Number of classes in the target variable:  2


In [19]:
last_layer = model.layers[-1]
n_neurons = last_layer.output_shape[-1]
print("Number of neurons in the last dense layer: ", n_neurons)

Number of neurons in the last dense layer:  3


In [20]:
# Train the model
model.fit(X_train, y_train, epochs=20, batch_size=128, validation_split=0.1, callbacks=[EarlyStopping(monitor='val_loss', patience=3, min_delta=0.0001)])

Epoch 1/20
Epoch 2/20
Epoch 3/20
Epoch 4/20
Epoch 5/20


<keras.callbacks.History at 0x1fd2d34cdc0>

In [21]:
# Make predictions on the test set
y_pred = model.predict(X_test)



In [22]:
# Evaluate the model
from sklearn.metrics import classification_report
from sklearn.metrics import accuracy_score
accuracy = accuracy_score(y_test.argmax(axis=1), y_pred.argmax(axis=1))
print("Accuracy: {:.2f}%".format(accuracy * 100))

Accuracy: 86.20%


In [23]:
def Negation(sentence):	
    '''
    Input: Tokenized sentence (List of words)
    Output: Tokenized sentence with negation handled (List of words)
    '''
    temp = int(0)
    for i in range(len(sentence)):
        if sentence[i-1] in ['not',"n't"]:
            antonyms = []
            for syn in wordnet.synsets(sentence[i]):
                syns = wordnet.synsets(sentence[i])
                w1 = syns[0].name()
                temp = 0
                for l in syn.lemmas():
                    if l.antonyms():
                        antonyms.append(l.antonyms()[0].name())
                max_dissimilarity = 0
                for ant in antonyms:
                    syns = wordnet.synsets(ant)
                    w2 = syns[0].name()
                    syns = wordnet.synsets(sentence[i])
                    w1 = syns[0].name()
                    word1 = wordnet.synset(w1)
                    word2 = wordnet.synset(w2)
                    if isinstance(word1.wup_similarity(word2), float) or isinstance(word1.wup_similarity(word2), int):
                        temp = 1 - word1.wup_similarity(word2)
                    if temp>max_dissimilarity:
                        max_dissimilarity = temp
                        antonym_max = ant
                        sentence[i] = antonym_max
                        sentence[i-1] = ''
    while '' in sentence:
        sentence.remove('')
    sentence = ' '.join(sentence)
    return sentence

In [24]:
# Input your own tweet
tweet = "I like apples."

# Pre-process the tweet
tweet = BeautifulSoup(tweet).get_text()
tweet = contractions(tweet)
tweet = Negation(nltk.word_tokenize(tweet))

print(tweet)
# Vectorize the tweet using Tf-idf
tweet_vector = vectorizer.transform([tweet])
tweet_vector = tf.sparse.from_dense(tweet_vector.todense())
tweet_vector = tf.sparse.reorder(tweet_vector)
# print(tweet_vector.get_shape())
tweet_vector = svd.fit_transform(tweet_vector)

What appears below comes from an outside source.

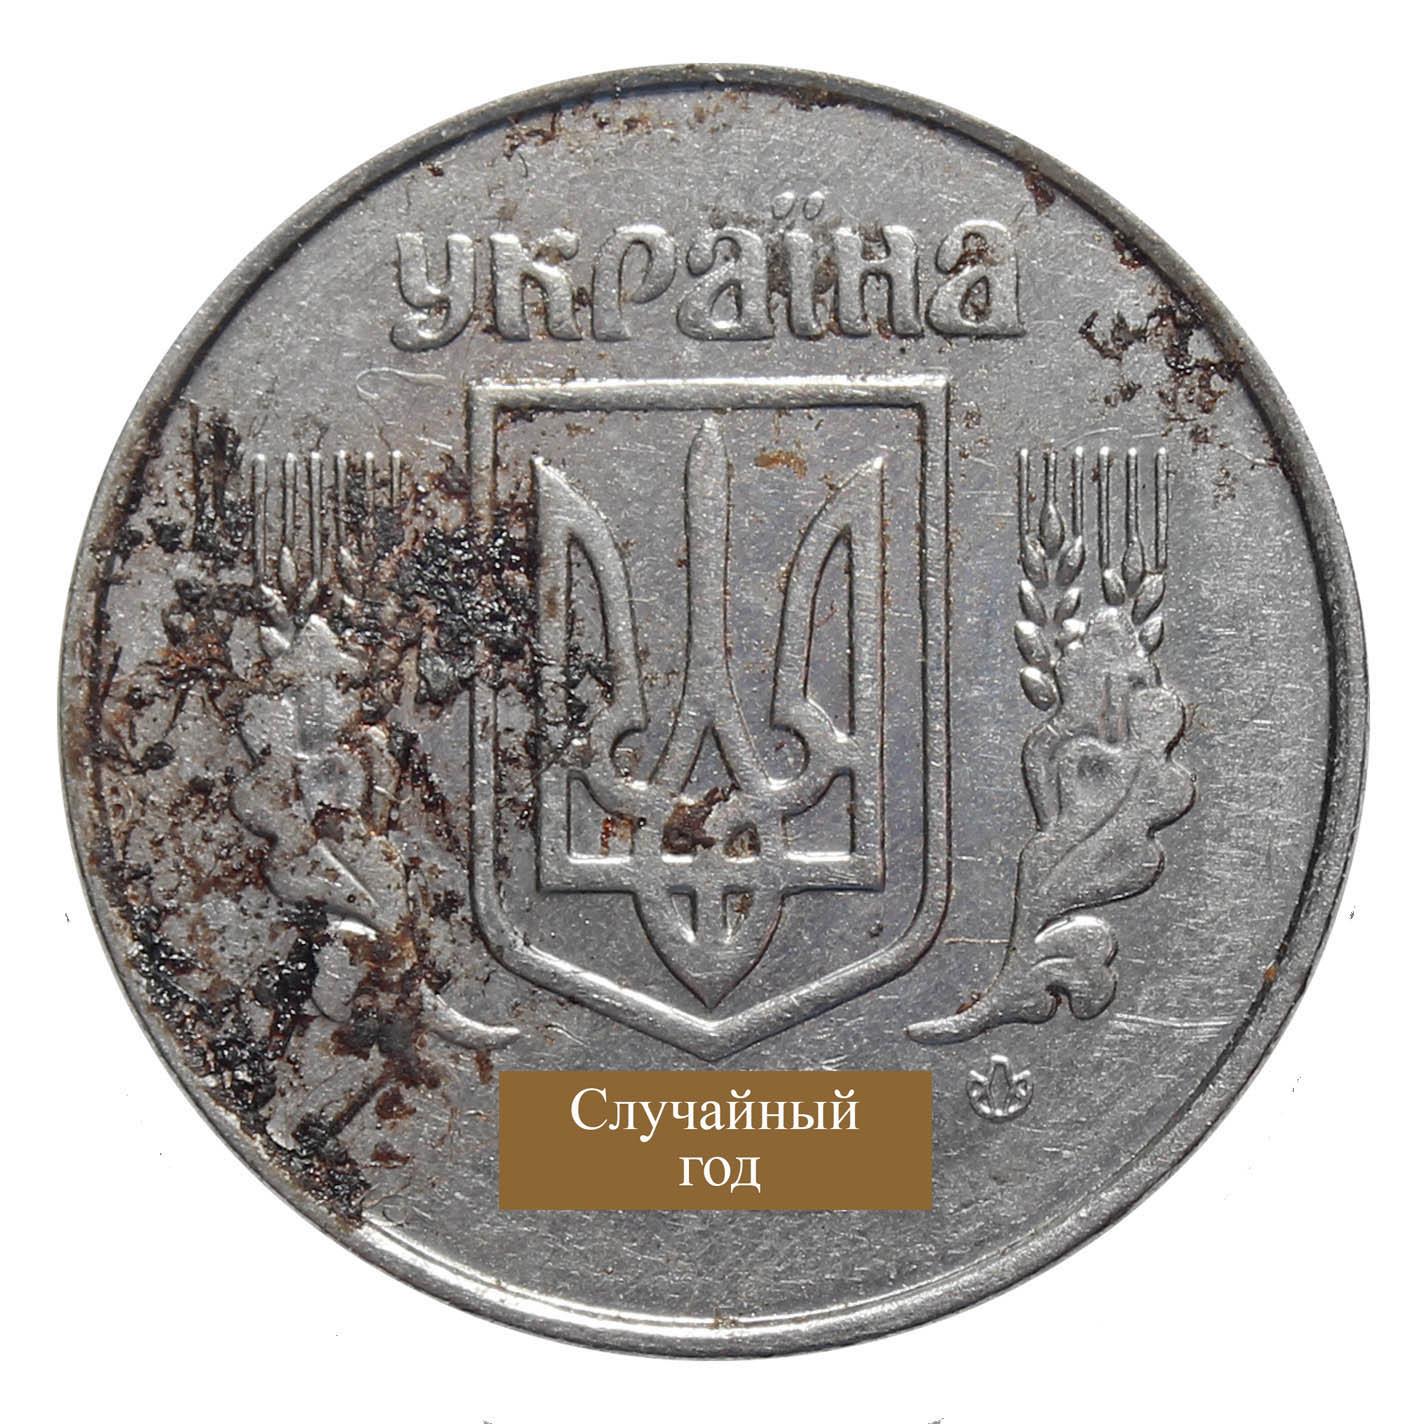 1 копейка. Украина. 1992-2012 гг. (случайный год). Уценка №2 F

# Predict the sentiment of the tweet
sentiment = model.predict(tweet_vector)

# Print the sentiment
if sentiment == -1:
    print("Negative")
elif sentiment == 0:
    print("Neutral")
else:
    print("Positive")

I like apples .


ValueError: Expected 2D array, got scalar array instead:
array=SparseTensor(indices=tf.Tensor(
[[    0  3778]
 [    0 40035]], shape=(2, 2), dtype=int64), values=tf.Tensor([0.93426902 0.35656892], shape=(2,), dtype=float64), dense_shape=tf.Tensor([    1 78207], shape=(2,), dtype=int64)).
Reshape your data either using array.reshape(-1, 1) if your data has a single feature or array.reshape(1, -1) if it contains a single sample.